PROBLEM DETAILS – In the copy, include exactly the lines from the one with "Dürer, Albrecht, 21.5.1471" through the end of the data and no others, both ends kept, with every picture left out.

GIVEN INFORMATION –
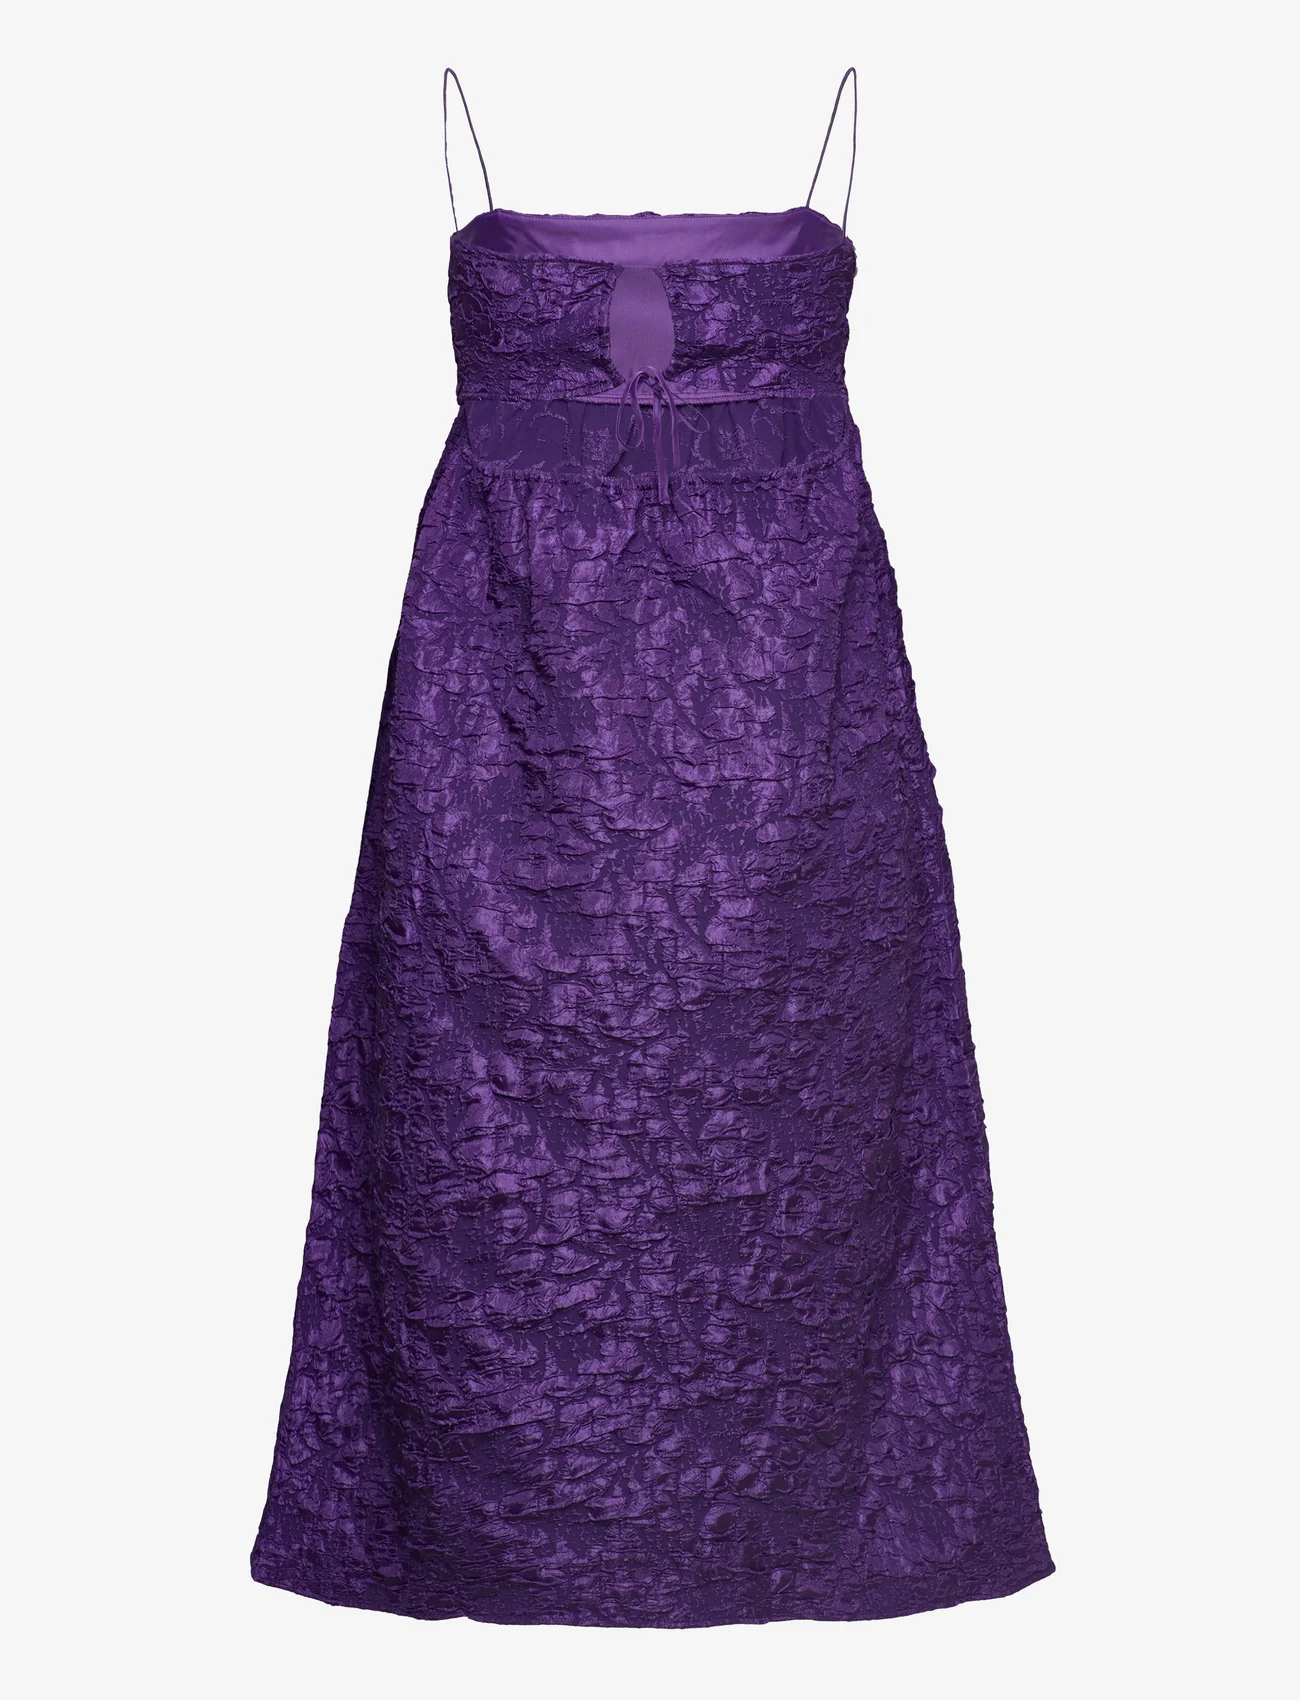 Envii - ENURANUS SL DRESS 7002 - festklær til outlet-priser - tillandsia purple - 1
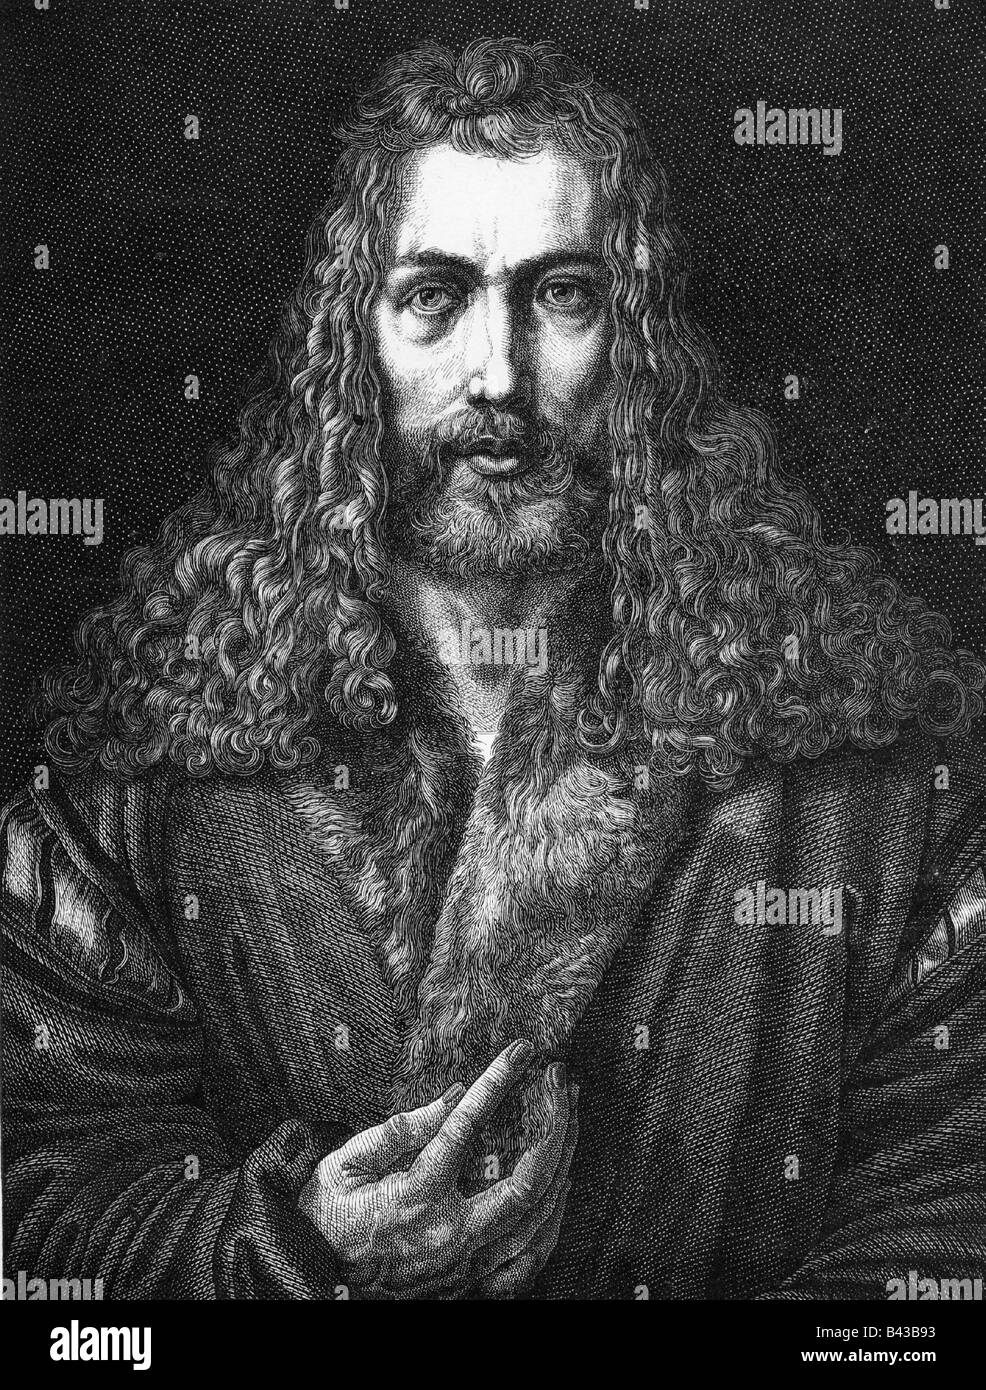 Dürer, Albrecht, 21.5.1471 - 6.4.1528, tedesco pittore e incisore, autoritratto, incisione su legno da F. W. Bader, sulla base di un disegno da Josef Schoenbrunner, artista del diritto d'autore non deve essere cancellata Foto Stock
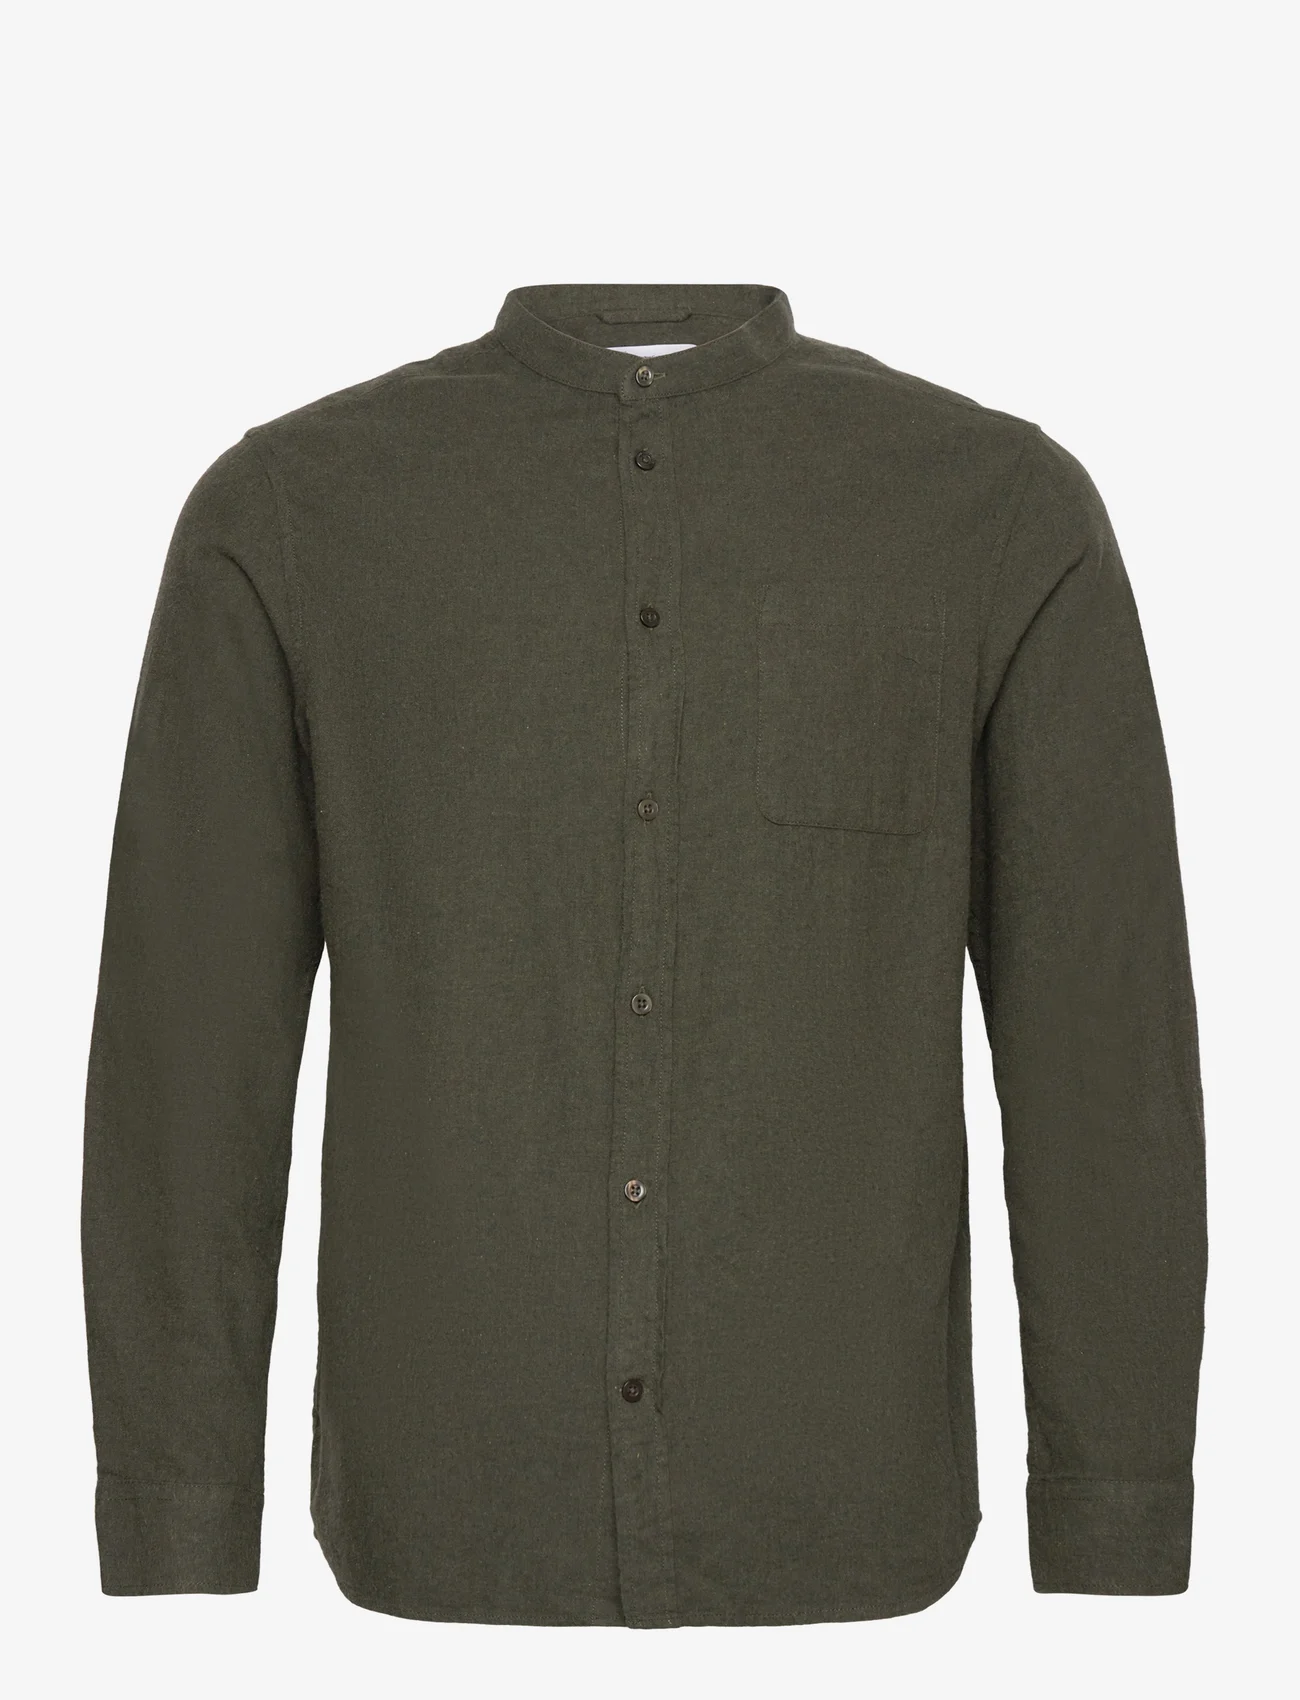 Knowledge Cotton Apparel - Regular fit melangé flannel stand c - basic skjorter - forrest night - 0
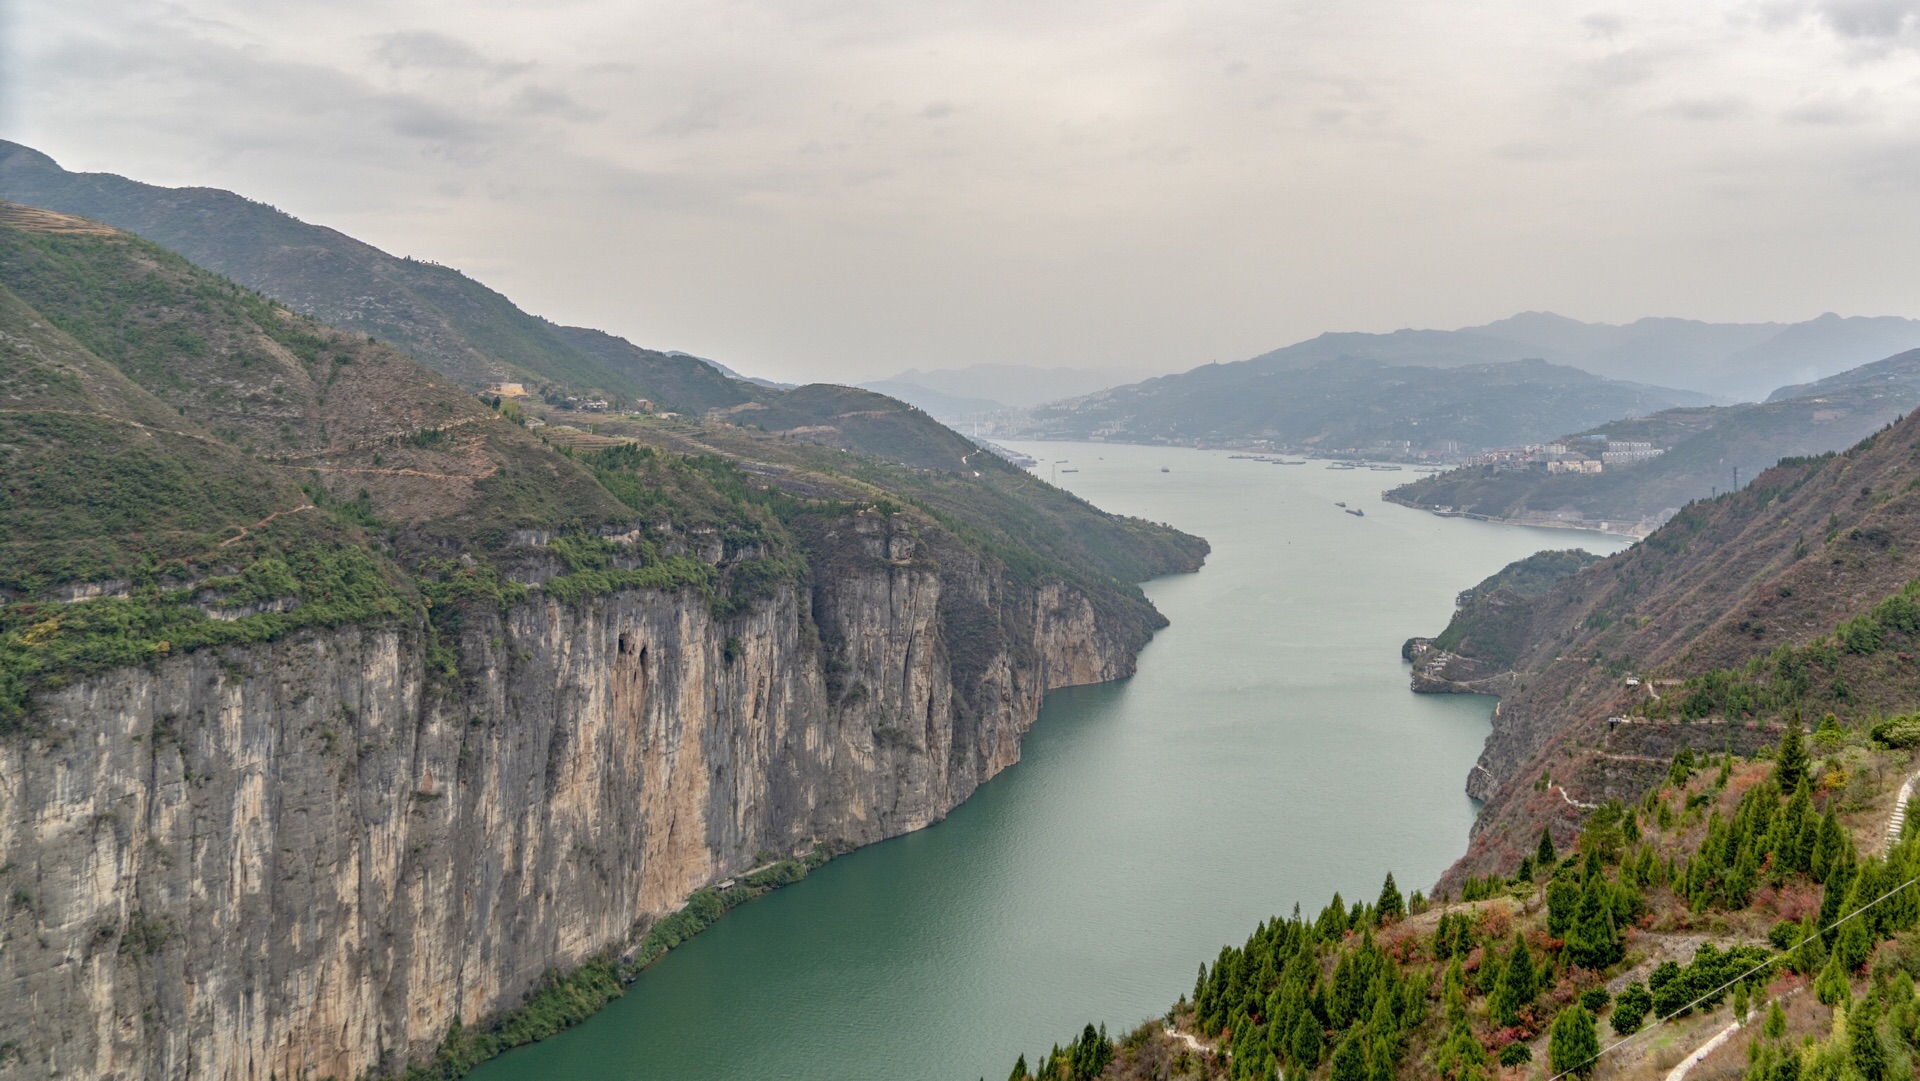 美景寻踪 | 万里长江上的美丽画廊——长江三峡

RESULT OF THIS TASK –
 Dürer, Albrecht, 21.5.1471 - 6.4.1528, tedesco pittore e incisore, autoritratto, incisione su legno da F. W. Bader, sulla base di un disegno da Josef Schoenbrunner, artista del diritto d'autore non deve essere cancellata Foto Stock
 Knowledge Cotton Apparel - Regular fit melangé flannel stand c - basic skjorter - forrest night - 0
 美景寻踪 | 万里长江上的美丽画廊——长江三峡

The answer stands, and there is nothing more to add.